Thursday, October 04, 2007

Finding Reliable Men: Those Above Reproach

"If anyone aspires to the office of overseer, he desires a noble task. Therefore an overseer must be above reproach..." (1 Tim. 3:1-2a).

The nobility of the pastoral office requires a certain character. The reliable men churches are to seek for the office must be men whose inner and outer lives are sewn together with integrity and Christ-like character.

The second characteristic that Paul lists after desire is "above reproach." This first characteristic is really an umbrella for all those that follow. A man is to be blameless in his outward conduct. He is to be upright and just in his dealings with others.

Paul says that the elder is to be beyond question in this regard. It's a reputation that is deserved. An elder is to be the kind of man that no one suspects of wrongdoing and immorality, the kind of man that people would be surprised or shocked to hear charged with such acts. It's certainly not that he is sinless or perfect, but that his demeanor and behavior over time has garnered well-deserved respect and admiration from others. This is critically important because once an elder at least two things are assumed: that man is then held out as an example for all areas of life to all the sheep (1 Tim. 4:12; 1 Pet. 5:1-3) and elders are to be granted the benefit of the doubt in the protection from charges they receive in the congregation (1 Tim. 5:19).
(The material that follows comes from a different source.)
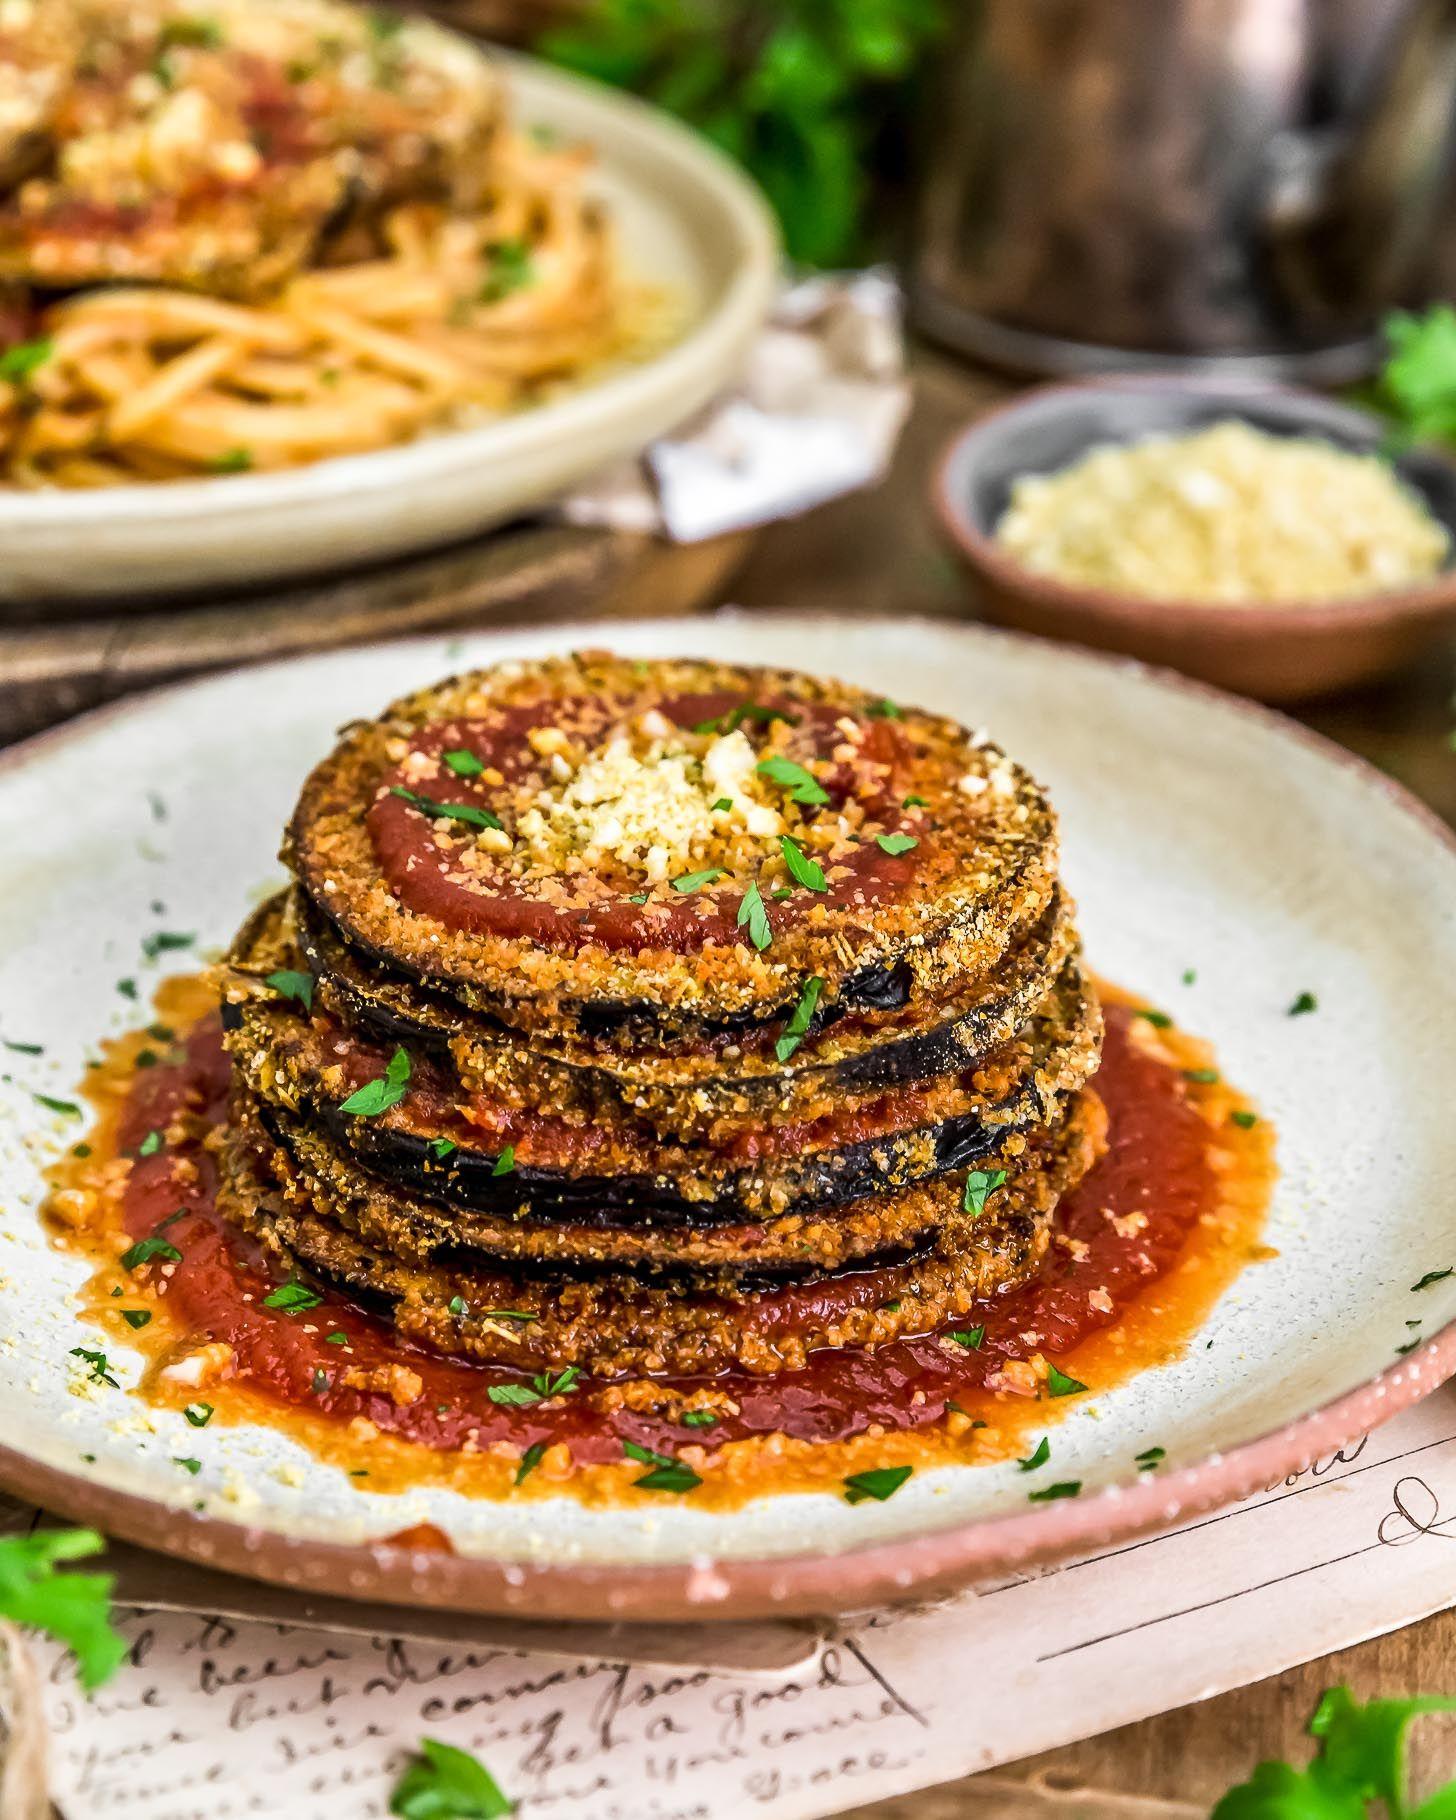 Vegan Eggplant Parmesan Monkey And Me Kitchen Adventures Recipe In 2020 Vegan Eggplant Parmesan Vegan Eggplant Eggplant Parmesan

One of the worst thing you can have is a man lacking in character setting a bad example while being shielded by the generosity of judgment the office warrants.

Another critically important thing is that an elder be held in high esteem for his character, not for his wealth, popularity at parties, or any such worldly thing. There is a real temptation and pitfall when it comes to discerning whether men meet this requirement of being beyond reproach. We may be tempted to grant this status to men on the grounds that they have "made it in the business world," "have a long family history with the church," or "everyone really likes Joe, he's a great guy." The apostle isn't commending notariety in those terms, but a dignity of character commensurate with the office. If a man is popular in the worldly sense but lacks the "beyond reproach" character Paul identifies, he will likely lead out of his popularity instead of character. He may fear man more than God (a temptation at times acutely felt in the office), or attempt to run the church like his business, or assume certain "rights" because of his standing in the community or his family name. That man may cripple an eldership for a time.

All Christians must be above reproach, but Christian elders must be so. How do we find such men? How do we train men in this attribute?

On the Lookout for Those "Beyong Reproach": Some Observations to Make (Please add others)

1. Take note of those men who are faithful in their dealings inside the church. For example, do they keep their commitment to give regularly and sacrificially to the church? Do they swear to their own hurt, keeping their word when others might not blame them for backing out of a commitment?

2. Take note of men who "command respect" (in the best sense of the phrase) from others. Are there men who inspire uprightness in others? Perhaps by their very presence people out of respect for them seem to "straighten up" or show more zeal. Perhaps he is a man that everyone turns to or nominates for positions requiring ethical integrity because they are confident he will "do the right thing."

3. Take note of those men who carry on their lives outside the church with integrity. Are they men who show up to work on time, or men who can't hold a steady job because of poor work habits? Are they men who manage their financial affairs well, paying debts and living within their means, or are they men living beyond their means financially and failing to meet obligations?

Some Questions to Ask (Please Add Others)
Assuming church leaders have such a man in view, a few questions might be asked during the "courting" of that man for eldership.

1. Is there anything in your life you feel disqualifies you for serving as an elder? It's a wide open question but a good basic way of beginning to hear the man's self-assessment and possibly find out more about his integrity.

2. Would any of your coworkers or family be surpised to hear that you were a leader in your church? Here, you're sorta probing for whether the man's reputation is good among others outside the church. The question relies on the man's knowledge (imperfect) of his reputation among others, but it's a start. Church leaders may decide to ask this question of some of the man's business associates or coworkers to get a response from them as well.

3. Are there persons who would say you should not serve in any church's leadership? And why would they say this? Elders are to enjoy good reputations inside and outside the church. If there is some outstanding "beef" from others, it would be good to explore (a) the nature of that dispute, (b) how the potential elder has handled that issue--whether godly or not, and (c) whether the opinion of others disqualify the man.

CONCLUSION
The character of the elder is paramount in importance. The nobility of the office requires that only men with befitting integrity hold it. In a day where most people, Christians included, are repulsed by the idea of "judging others," being patient to discern mature and "beyond reproach" character for potential elders may be one of the most difficult things churches do in finding reliable men. But it's necessary for the health and purity of the Lord's Bride.

And because it's necessary, cultivating this kind of integrity--both in the current elders of a church and prospective elders--is critical. Questions, encouragement, and accountability regarding our conduct in various settings should constantly be on the agenda in our discipling and teaching efforts.

1 comment:

Lionel Woods said...

Thanks Pastor T. As I have now start to have discussion with my pastor about this, the list of questions hit right at the heart. It was something I asked my wife earlier this year.